MILD SPOILERS FOLLOW:
But yes, what we have on our hands here really does feel (if you'll pardon an initial over-simplification) very much like a gender-reversed TOY STORY, in as much as it involves two (superficially, at least) female characters fighting over influence in the life-direction of a young girl; with the conceit this time being that the Woody/Buzz rivals are personifications of her emotions (Joy and Sadness) rather than avatars of classical masculinity (The Cowboy and The Astronaut) and they're feuding over inner-development and emotional well-being as opposed to whose merchandise most-primarily covers the bedroom.
The Big Idea: These emotional-beings (Joy, Sadness, Disgust, Fear and Anger) are our main characters, a combination tech-crew/board-of-directors guiding the day-to-day responses of young Riley in a manner that literalizes and mechanizes the concept of emotional development: The crew takes turns dealing out reactions, which create color-coordinated Memories (in the form of crystal balls) which they dispatch down into her broader consciousness for filing - except for a select few Core Memories so important that they serve as the life/energy-source for Islands of Personality that make up Riley's fundamental "self."

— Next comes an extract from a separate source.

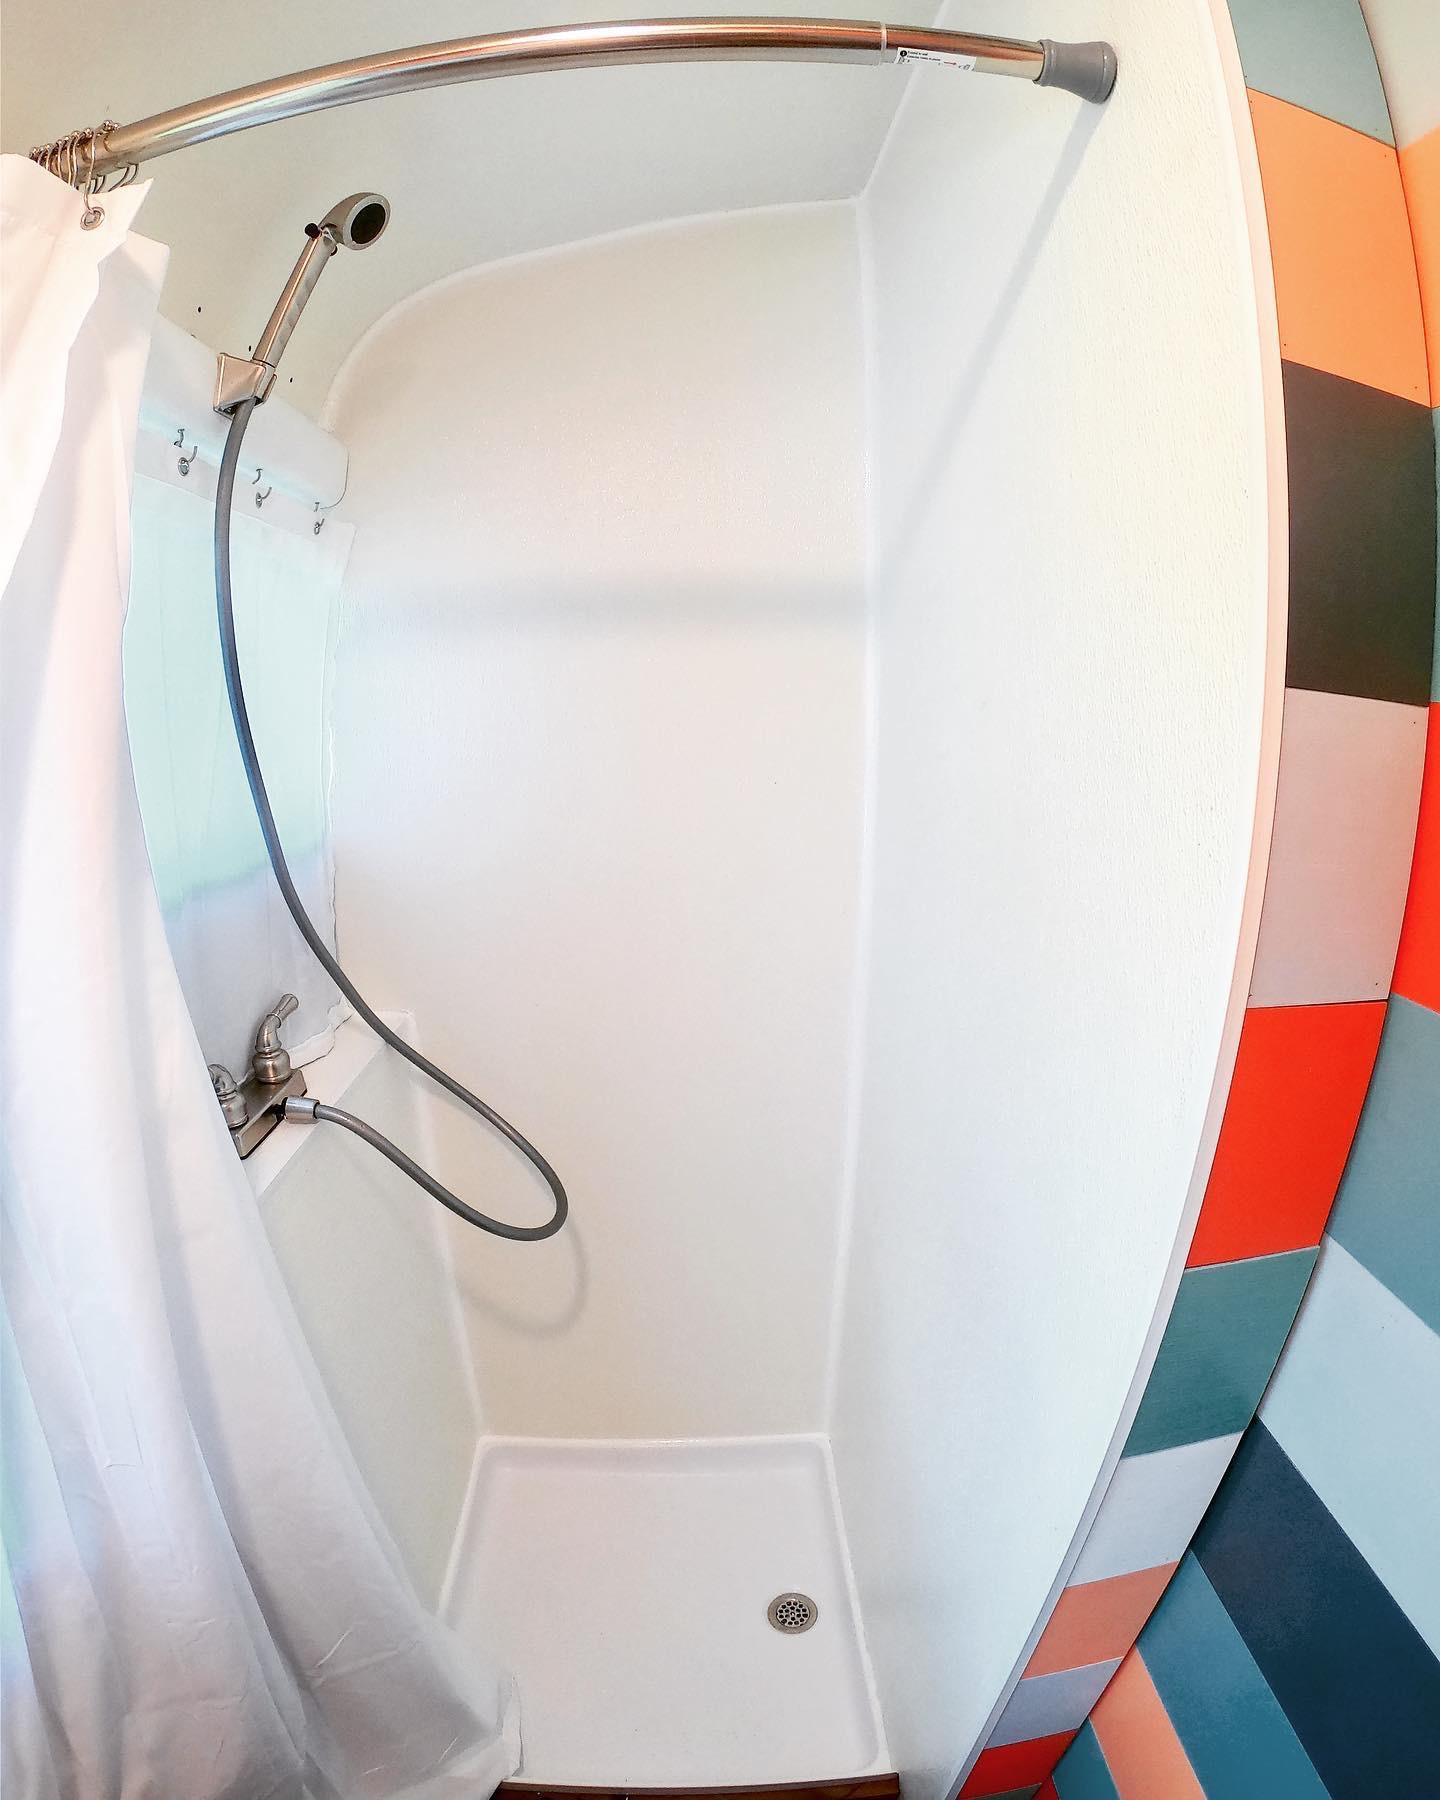 School bus tiny house bathroom shower

Thus far, Joy (Amy Poehler) has always been the defacto leader - after all, Riley is still young and who else would've been a baby's primary original emotion - taking it as her mission to make sure that Riley is happy as much as possible; taking personal pride in having created all of the Core Memories herself and relegating the other four Emotions to secondary situational duties: Anger (Lewis Black) is useful in a "fight," Fear (Bill Hader) keeps her out of danger, Disgust (Mindy Kaling) is in charge of taste (literally and figuratively) and Sadness... well, she can't figure out what to do with Sadness (Phyllis Smith), whose very existence Joy sees as an entirely negative influence to be as well-suppressed as possible. Gee, I wonder where this is going?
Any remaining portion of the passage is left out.